▶ **INSTRUCTIONS FOR THE TASK**
Make an exact copy of the listing below. Pictures stay out of it.

▶ **INPUT DATA**
···

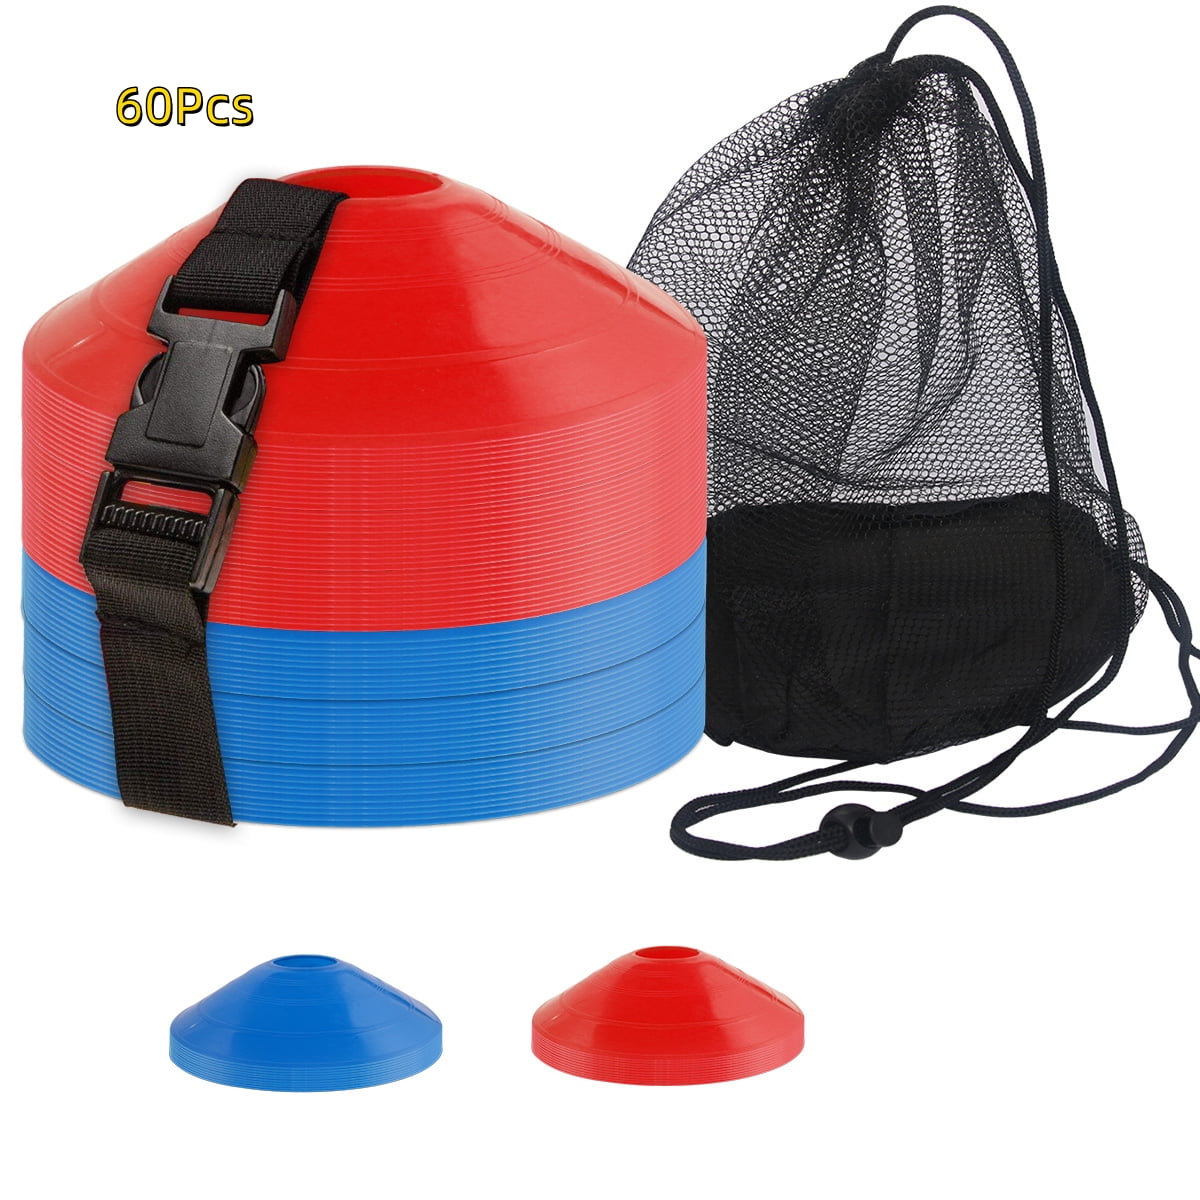 60PCS Soccer Cones with Strap Carry Bag Agility Disc Cones
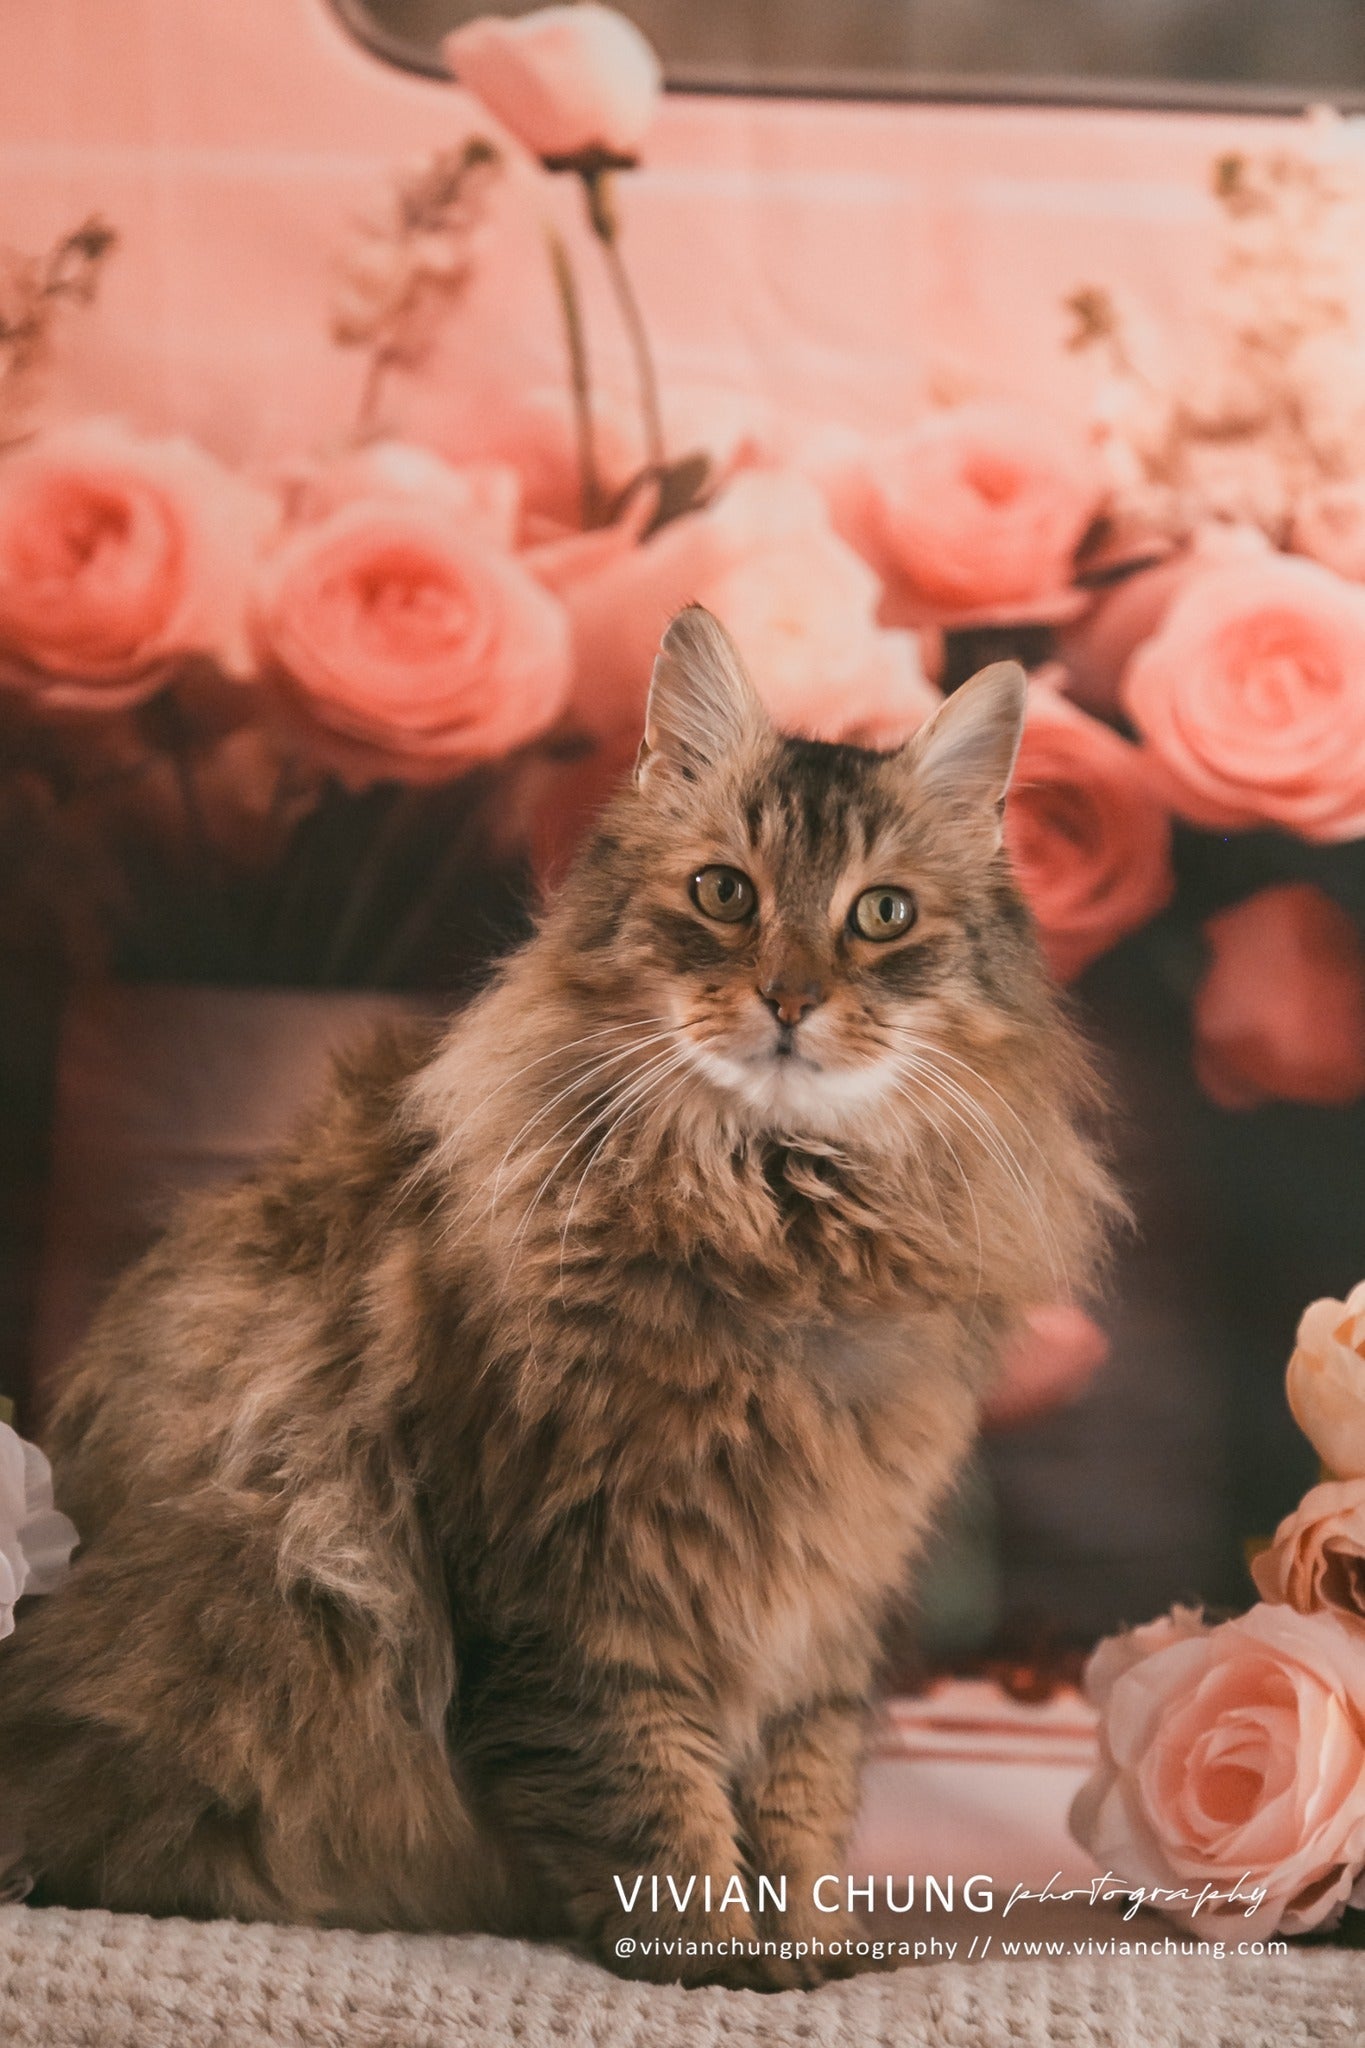 Kate Pet Valentine's Day Pink Flowers Truck Backdrop Designed by Chain Photography
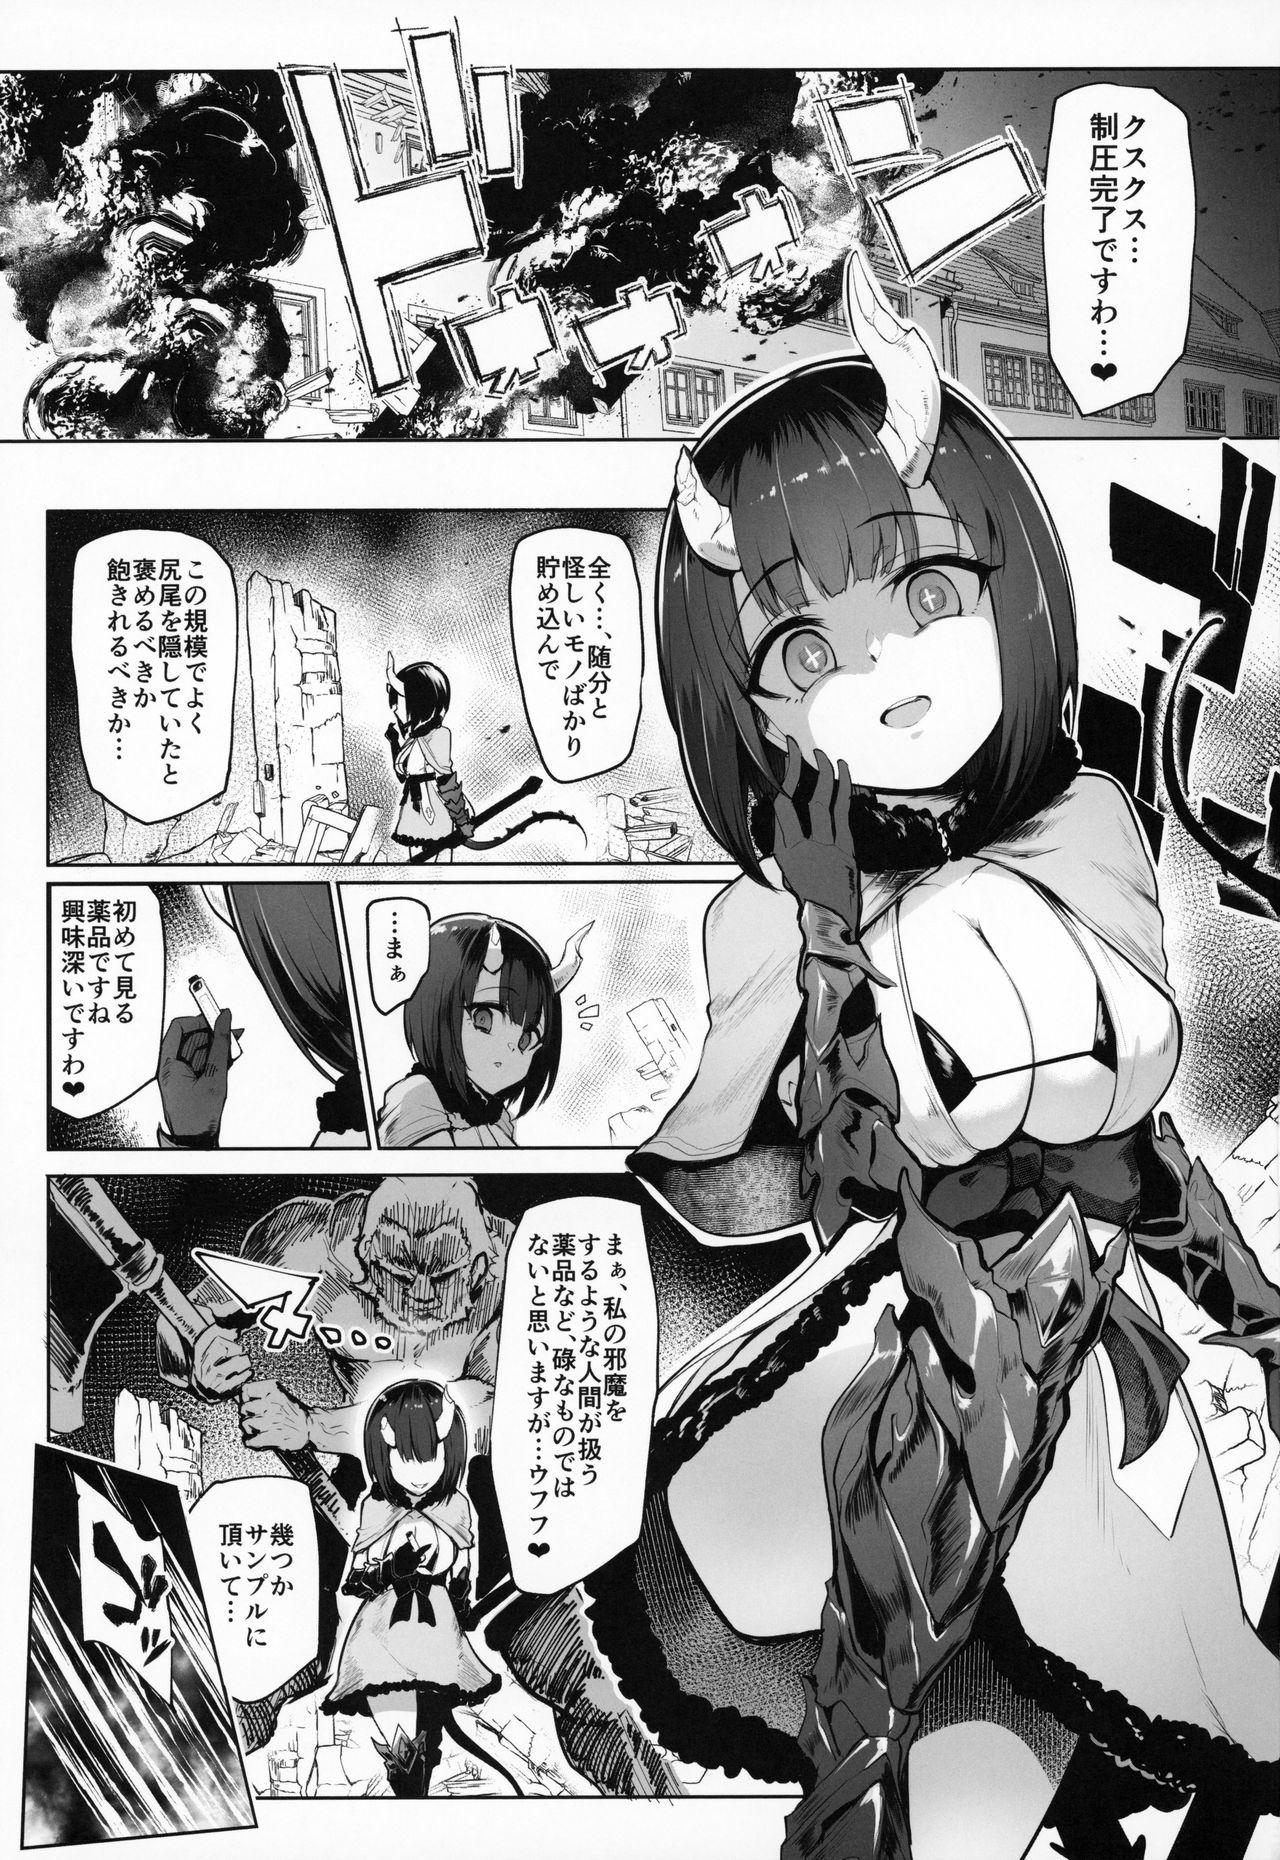 Italian DESTROYER DESTROYER - Princess connect Tamil - Page 2

···

▶ **RESULT BELOW**
 60PCS Soccer Cones with Strap Carry Bag Agility Disc Cones
 Kate Pet Valentine's Day Pink Flowers Truck Backdrop Designed by Chain Photography
 Italian DESTROYER DESTROYER - Princess connect Tamil - Page 2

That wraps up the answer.